- The Washington Times - Tuesday, December 24, 2019

An editor for The Christian Post announced his “abrupt” resignation Monday night over an editorial that he says positioned the evangelical Christian newspaper as being “on Team Trump.”

The Christian Post on Monday published an editorial by John Grano and Richard Land that slammed Christianity Today editor Mark Galli for his op-ed last week calling for President Trump to be removed from office. The Post piece argued that Christianity Today’s “disdainful, dismissive, elitist posture toward their fellow Christians may well do far more long-term damage to American Christianity and its witness than any current prudential support for President Trump will ever cause.”

Napp Nazworth, who has worked for the Christian Post website since 2011, according to The Washington Post, announced in a series of tweets that he could no longer work for the publication in good conscience over its pro-Trump stance.

“Today, rather abruptly, I was forced to make the difficult choice to leave The Christian Post,” Mr. Nazworth wrote. “They decided to publish an editorial that positions them on Team Trump. I can’t be an editor for a publication with that editorial voice.

“I’m saddened by what happened for many reasons. I’ve been with CP for over 8.5 years, made many friendships, and had lots of exciting opportunities along the way,” he continued. “As long as I was with the company, they strived to be a place that represented the diversity of evangelicalism in the US. I even wrote about this diversity in the last published article I wrote on Sunday. When the editors had disagreements, we would work through them, letting those discussions and debates inform and improve our coverage.

“Now, CP has chosen to go in a different direction.

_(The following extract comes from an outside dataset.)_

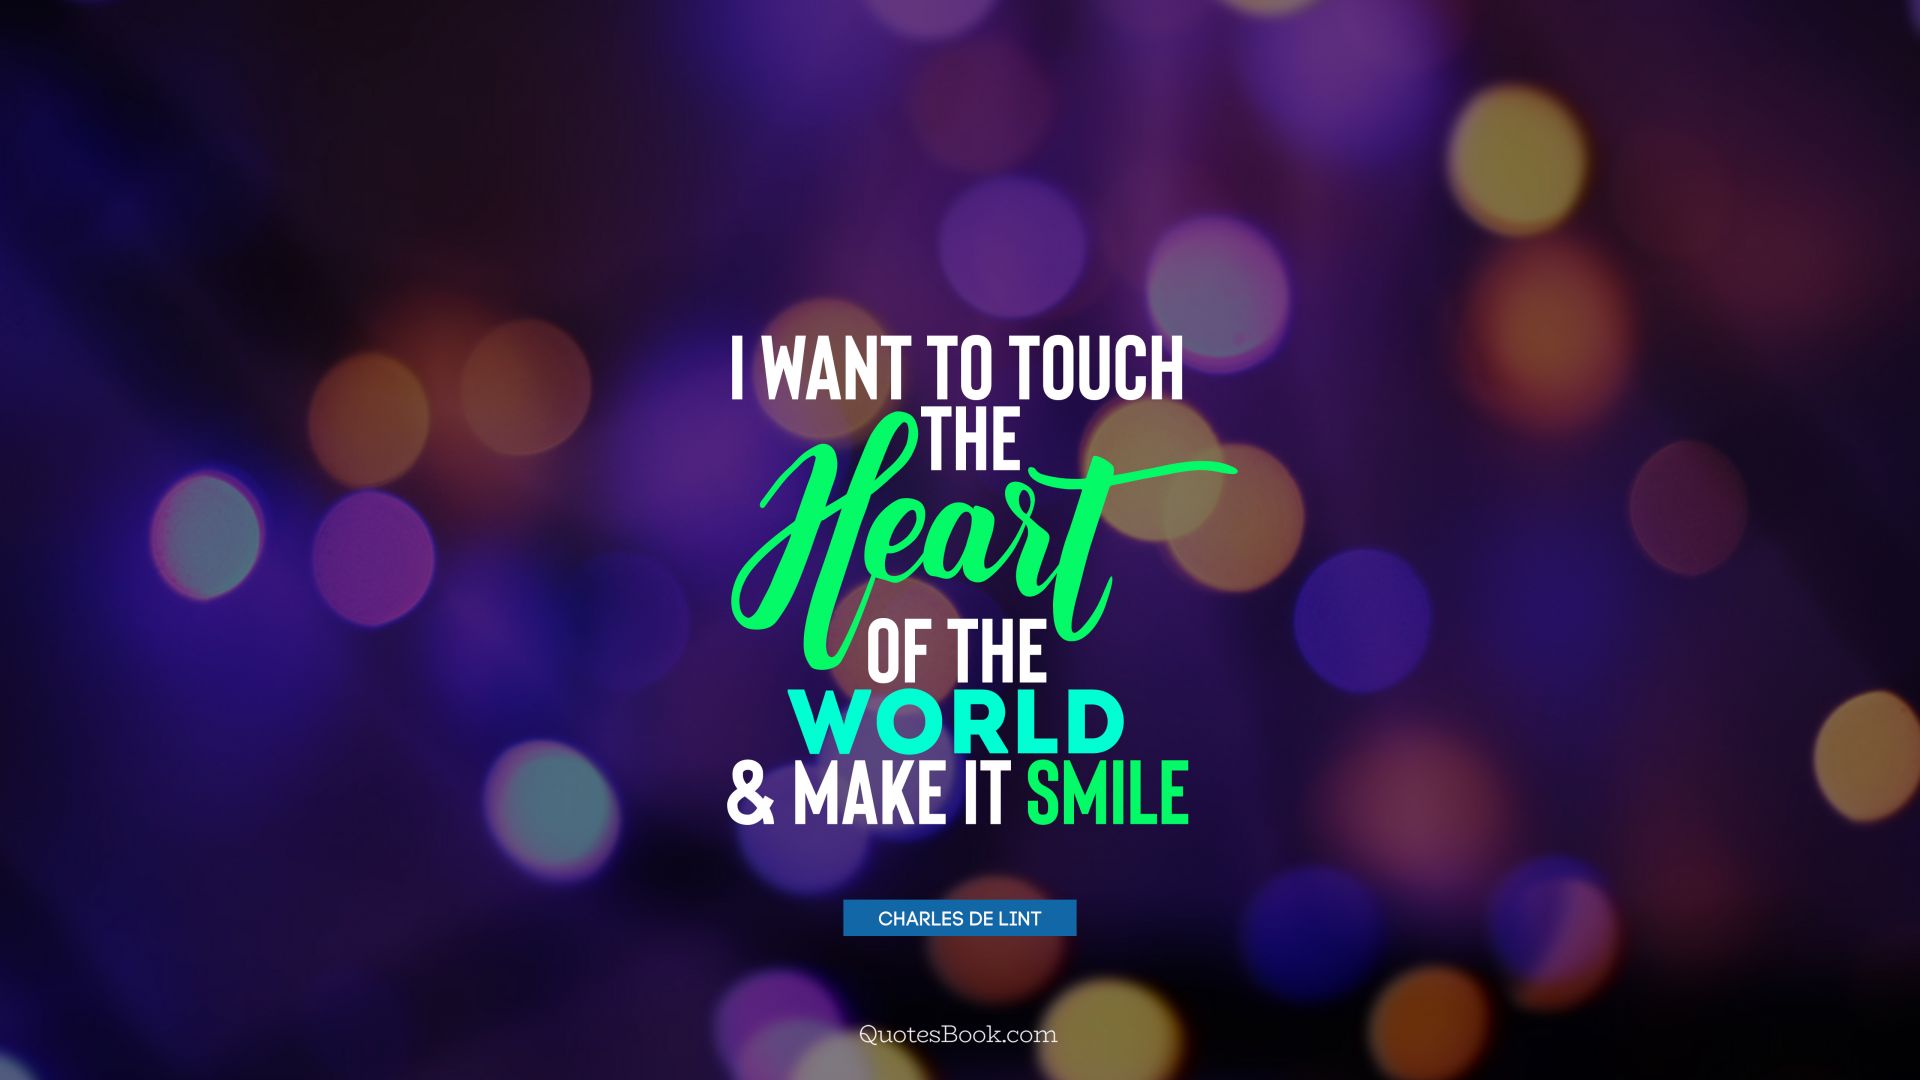 I want to touch the heart of the world and make it smile. - Quote by Charles de Lint

Like so many other media companies, they’ve chosen to silo themselves,” he wrote. “They’ve chosen to represent a narrow (and shrinking) slice of Christianity. That might be a good business decision, short term at least. But it’s bad for Democracy, and bad for the Gospel. It means there will be one more place where readers can go for bias confirmation, but one less place where readers can go to exercise their brains on diversity of thought.”

The Christian Post’s editorial Monday came in stark contrast to Christianity Today’s, in which Mr. Galli claimed that Mr. Trump unconstitutionally and immorally “attempted to use his political power to coerce a foreign leader to harass and discredit one of the president’s political opponents.”

The president later slammed the publication as a “far left magazine” that he will no longer read.

Christianity Today President Timothy Dalrymple told The Washington Post that their anti-Trump position had resulted in only 2,000 canceled subscriptions, compared to about 5,000 new subscriptions from a younger, more diverse and more global audience.